The envelope 40 is tube-shaped and made of transparent or semitransparent material such as glass and colophony. The envelope 40 is configured to be snugly received in the frame 10 and cling to an inner wall of the frame 10. When received in the frame 10, a top end of the envelope 40 levels with the top of the upper ring 16 of the frame 10.
Particularly referring to FIG. 3, the LED module 50 includes a circular printed circuit board 52 and a plurality of LEDs 54 mounted on the printed circuit board 52.
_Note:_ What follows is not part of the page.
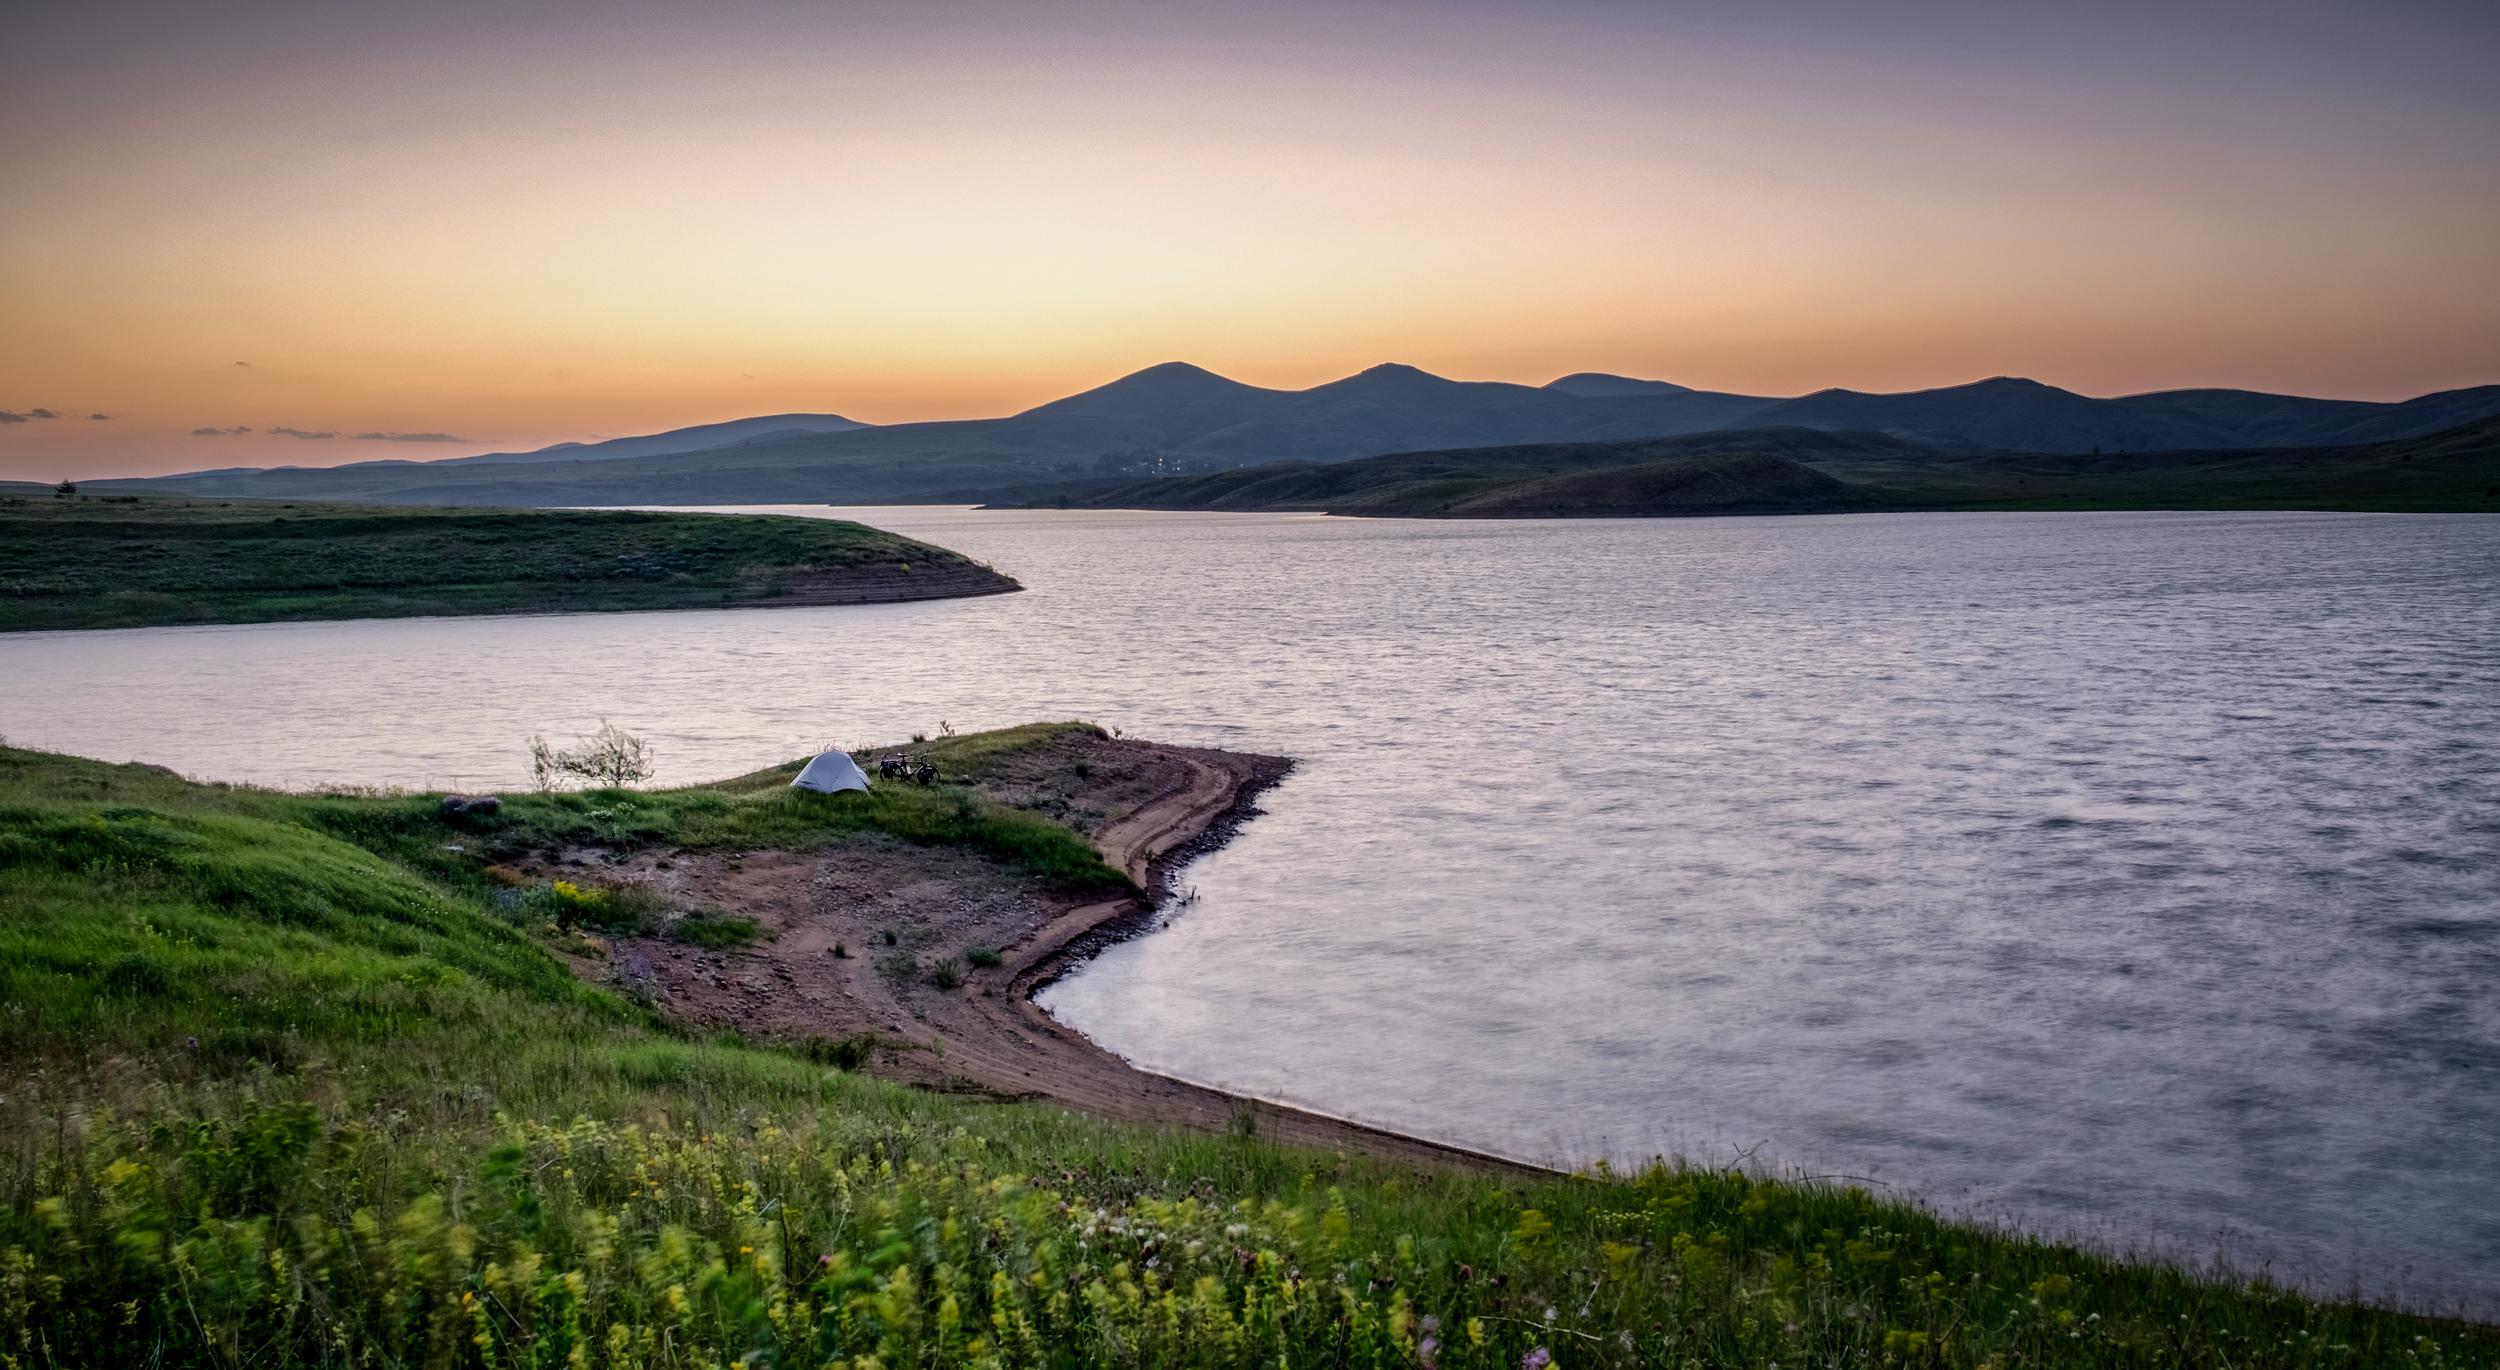 Probablement le plus bel endroit où j'ai campé, le lac Kizilirmak.

Also referring to FIG. 4, in assembly of the LED lamp, the reflector 30 is secured on the top of the base 12 of the frame 10 by the fixtures extending through the fixing orifices 320 and screw into the base 12. The envelope 40 is snugly received in the frame 10 and surrounds the reflector 30. The heat sink 20 with the LED module 50 attached to the bottom surface thereof is fixed on the top surface of the frame 10 by the screws 200 extending through the through holes 220 in the plate 22 of the frame 10 to screw into the engaging orifices 160 in the top of the frame 10. In order to prevent rainwater from creeping into the LED lamp when the LED lamp is used outdoors, a waterproof cushion 300 is used. The waterproof cushion 300 has through orifices 302 defined therein, for extension of the screws 200 through the waterproof cushion 300. The waterproof cushion 300 is provided to be tightly sandwiched between the frame 10 and the heat sink 20. A lower gasket 400 is provided to be tightly sandwiched between a bottom of the envelope 40 and the top surface of the base 12 of the frame 10. An upper gasket 400 is provided to be tightly sandwich between the bottom surface of the heat sink 20 and a top of the envelope 40.
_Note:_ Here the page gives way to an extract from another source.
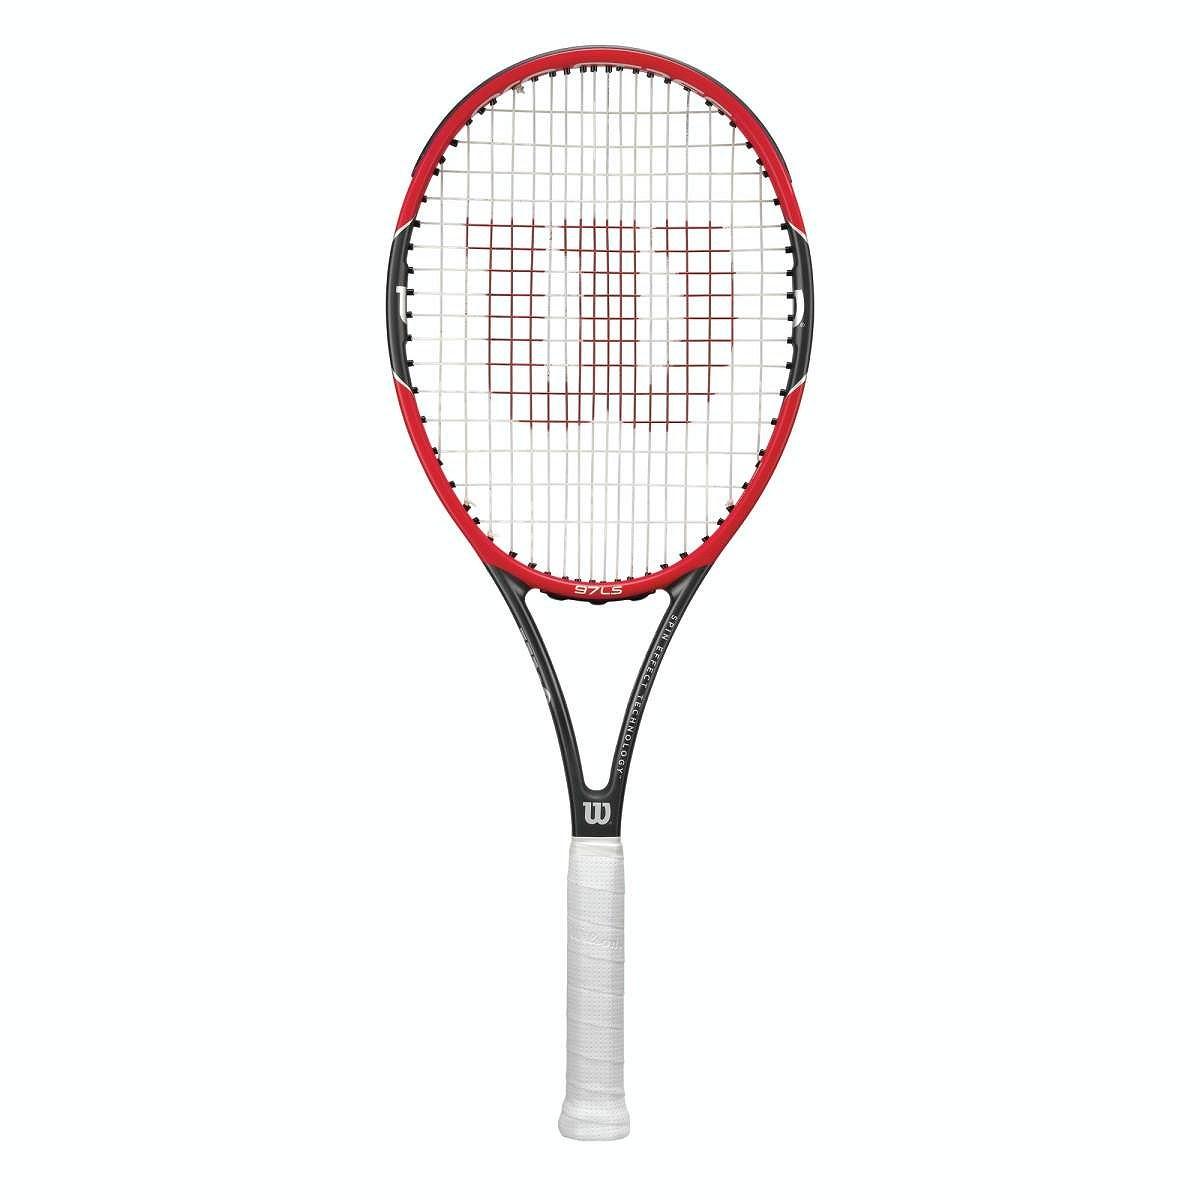 Rakieta tenisowa Wilson Pro Staff 97LS - Wyprzedaż!

In use of the LED lamp, light generated by the LED module 50 can be reflected omnidirectionally toward outside of the frame 10 by the outer surface of the reflector 30. Thus, the light is soft and has an even brightness. Therefore, the LED lamp according to the present invention can be used as a park lamp or a decorative lamp which requires a more uniform and tender illumination. Since the outer surface of the reflector 30 is slantwise to the LED module 50, the light emitted from the planar LED module 50 can be reflected in multidimensionality, which increases the illumination area of the LED lamp. Heat generated by the LED module 50 is absorbed by the plate 22 of the heat sink 20 and then delivered to the fins 24 to be dissipated into ambient air. The LED module 50 is thus cooled and works within allowable temperature range. Besides, the heat sink 20 located on the top of the frame 10 can serve as a protective cover for protecting the LED lamp. In the present invention, lead wires can extend from the rectifier 100 upwardly through the hollow pipe of the reflector 30 to electrically connect with the LED module 50.
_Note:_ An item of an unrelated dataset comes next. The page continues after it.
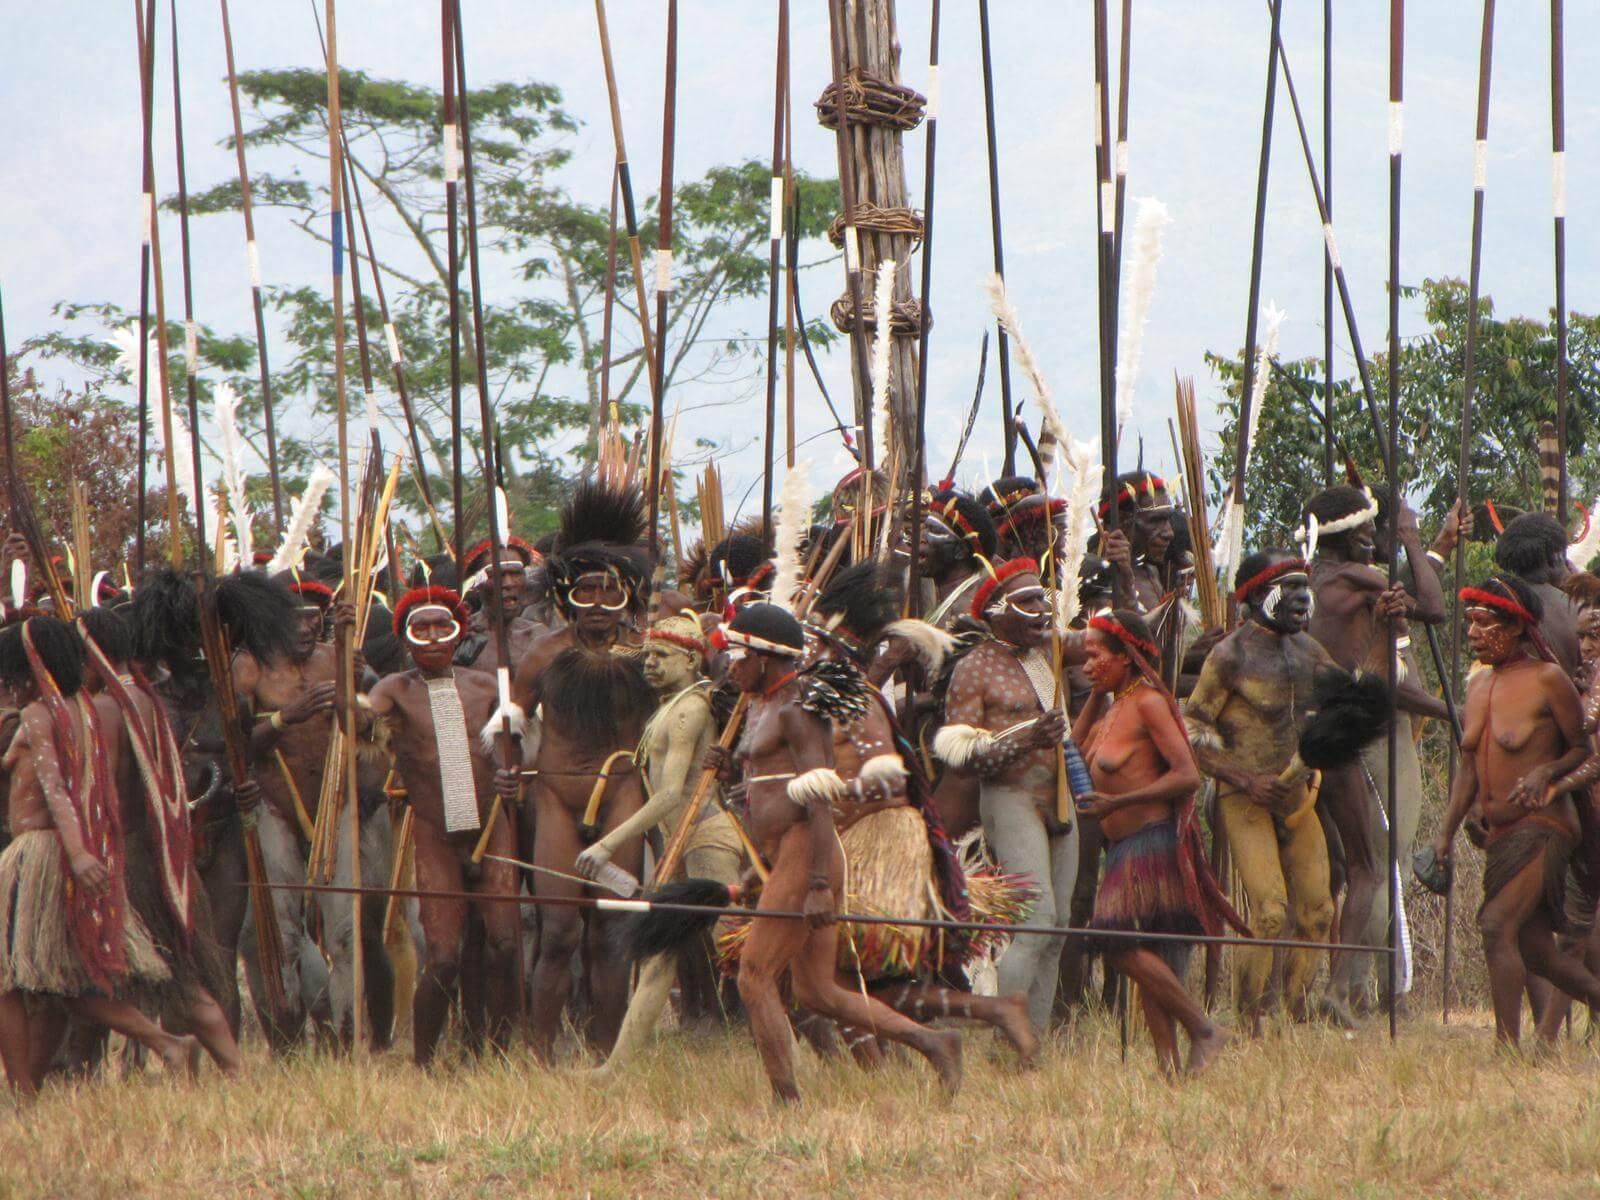 Festival vallée de Baliem en Papouasie occidentale

It is believed that the present embodiments and their advantages will be understood from the foregoing description, and it will be apparent that various changes may be made thereto without departing from the spirit and scope of the invention or sacrificing all of its material advantages, the examples hereinbefore described merely being preferred or exemplary embodiments of the invention.